▸ Your task
In the entries below, begin at the line that has "Cracked egg in cup Stock Photo" and stop after the line that has "Events That Matter at SeaWorld"; output those lines exactly, leaving out pictures.

▸ Data provided
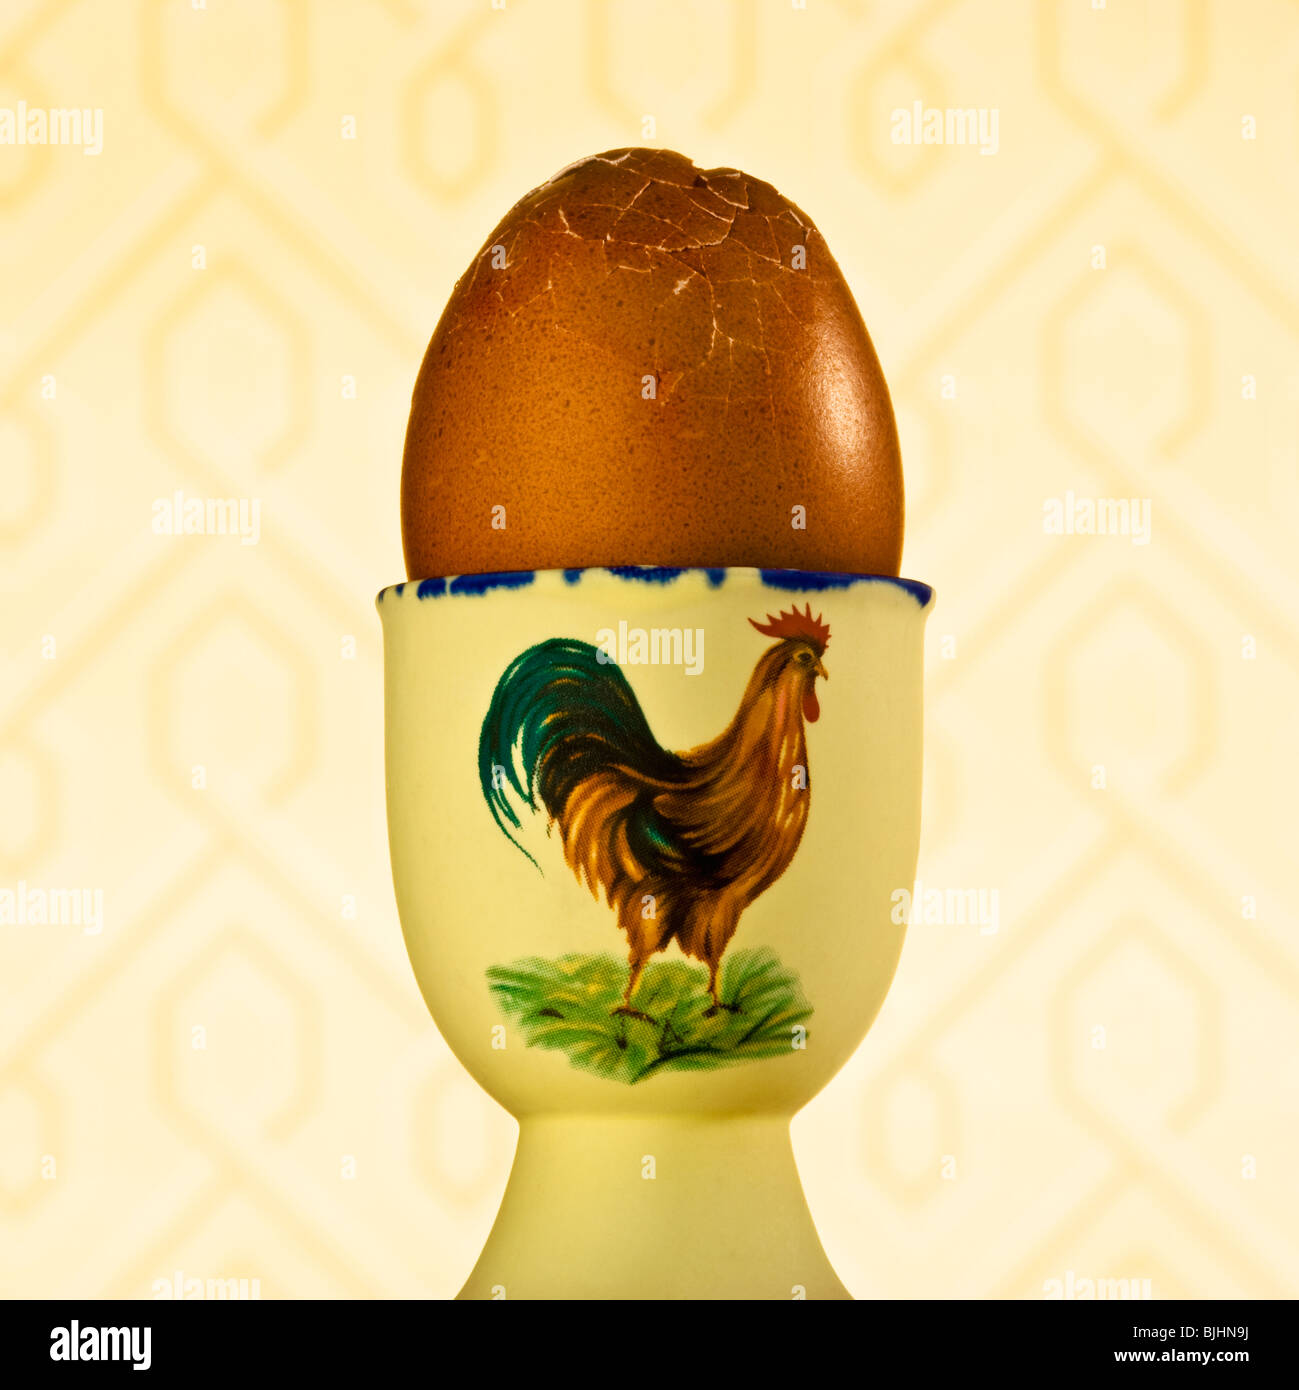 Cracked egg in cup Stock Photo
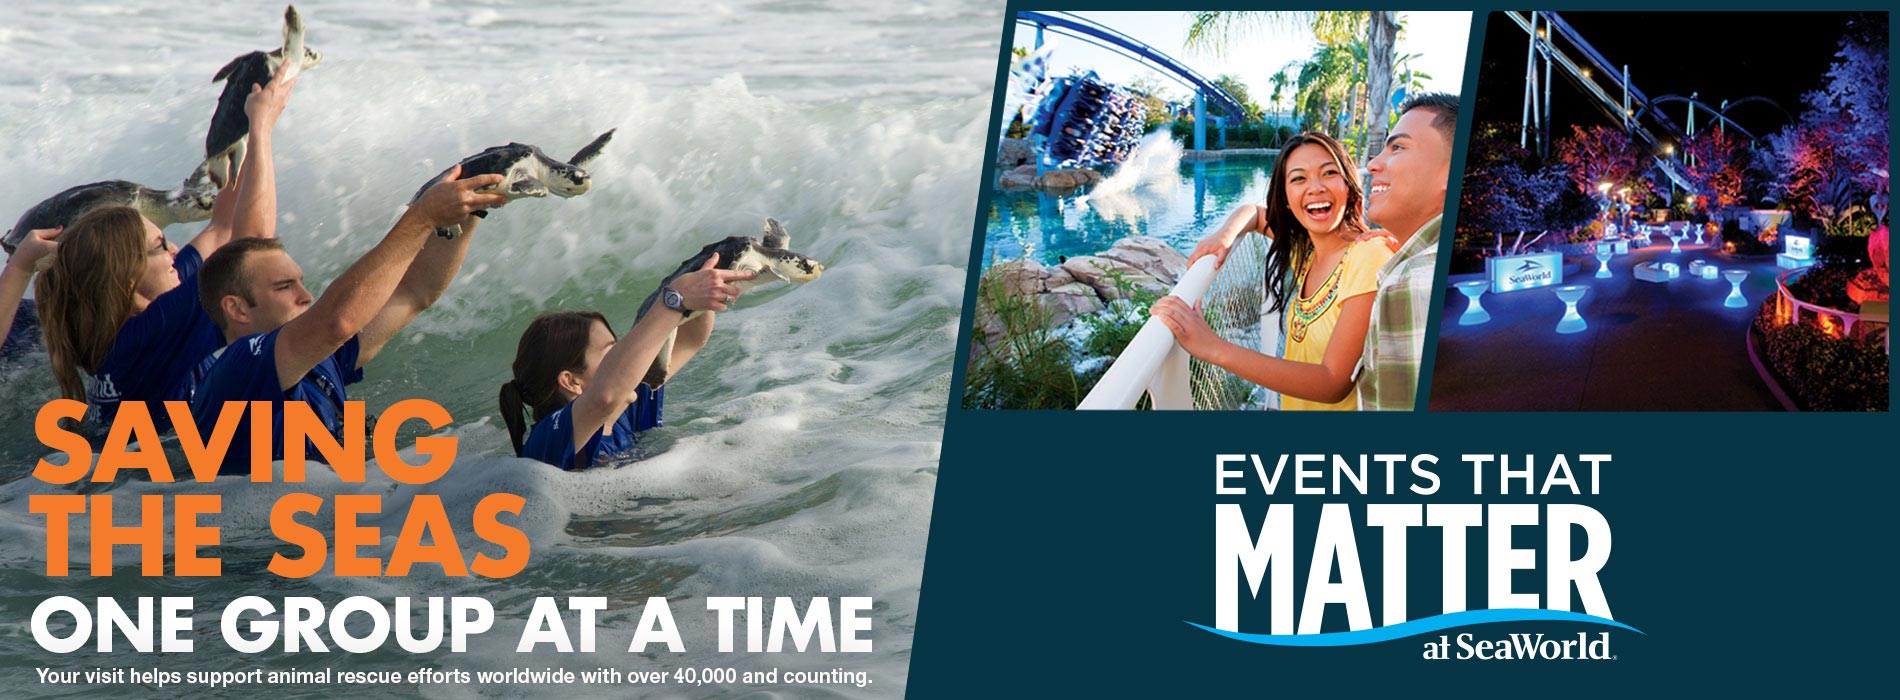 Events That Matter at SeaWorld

---

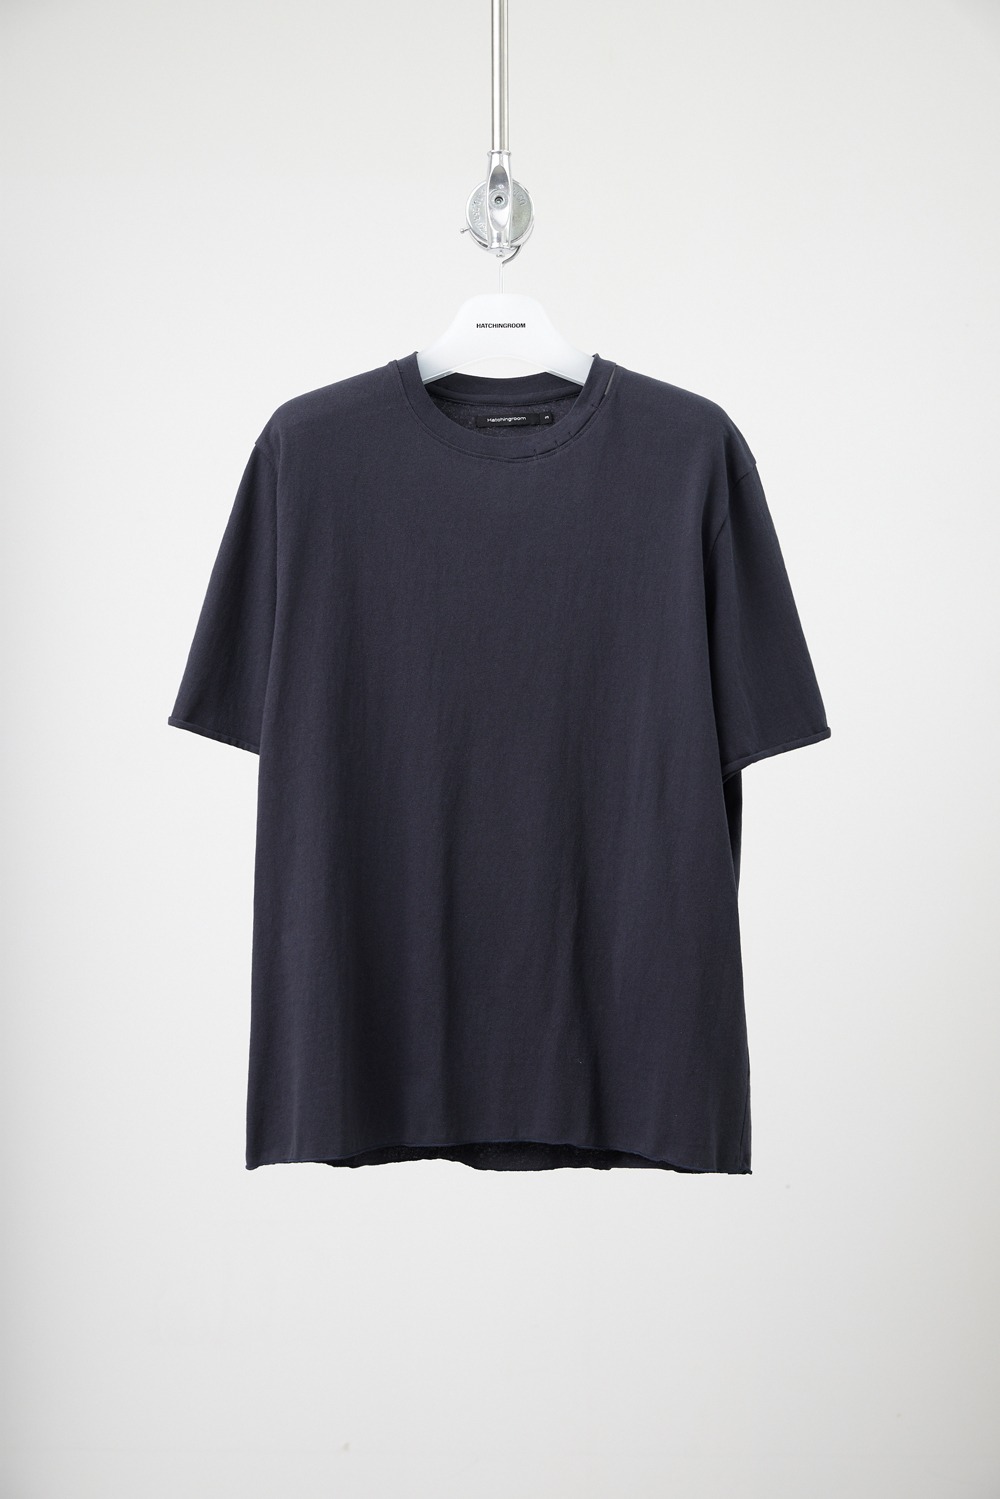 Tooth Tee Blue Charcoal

▸ Written response
 Cracked egg in cup Stock Photo
 Events That Matter at SeaWorld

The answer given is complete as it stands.